One of the basic tenets of personal finance is that your 401(k) is for your retirement and should not be used as an emergency fund.
However, a growing number of people are dipping their hands into their retirement accounts due to major life events like unemployment, sickness or debt, or even for unexpected expenses like a car breakdown.
Unfortunately, most people fail to create an emergency fund, so when an unexpected event arises, they are left with no option but to tap into their retirement funds. What is even worrying is that most people who take money from these accounts have no means to replace the funds they took out.
But what exactly are the consequences of pre-retirement withdrawals?

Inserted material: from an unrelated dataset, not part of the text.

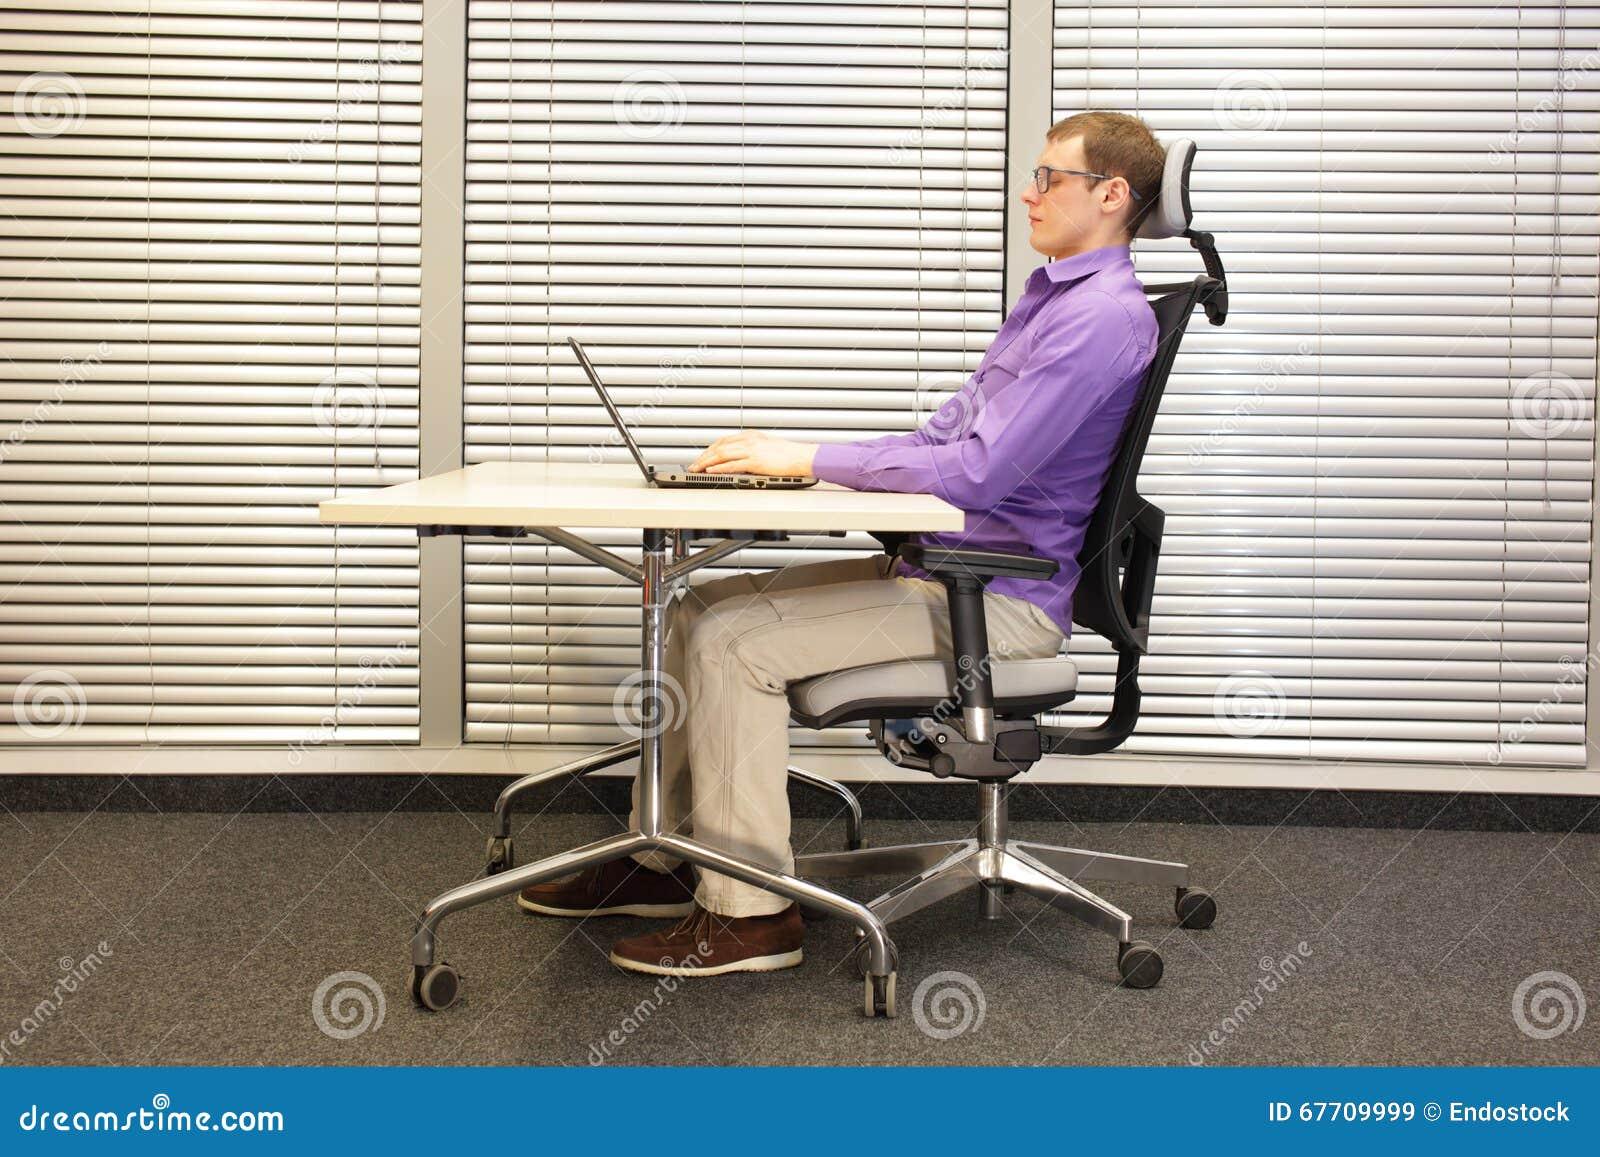 richtige sitzposition am arbeitsplatz mann auf dem stuhl der mit laptop arbeitet stockbild. Black Bedroom Furniture Sets. Home Design Ideas

These withdrawals can lead to a wide variety of adverse consequences ranging from taxes and penalties to lower or even lost investment returns. Over the long term, these withdrawals can dramatically impact your retirement funds. When you borrow funds from your retirement accounts, you may have to forgo investment returns that you cannot get back. When you finally withdraw your money upon retirement, the interest will then be taxed another time. Also, if you are unable to pay off your loan and you default, the balance will be subjected to an early withdrawal penalty plus regular income taxes.
While it is not mandatory for retirement plans to offer hardship withdrawals, the IRS does allow these, but there should be an immediate and heavy financial need. This means that the money withdrawn should only be used to cover for that need and the amount withdrawn should not exceed the amount required to pay for that expense. Some of these withdrawals may be exempt from penalties.
The long and short of it is that you should avoid dipping into your retirement accounts. Instead, build an emergency fund for unforeseen expenses. But what if a pressing situation arises and you find yourself short on cash?
It goes without saying that using your retirement funds for other expenses should be your last option. Besides, if you need to get money fast, accessing your funds is not the best option because you have to wait for a considerably long period of time. Processing time can range anywhere between 10 to 90 business days.
One option that you can look into when you need money is your workplace plan which allows you to borrow up to $50,000. This option enables you to avoid withdrawal penalties because you are simply borrowing money and not withdrawing. On top of that, there is no credit check and the payments can be deducted from your paycheck. Interest rates are also fairly low.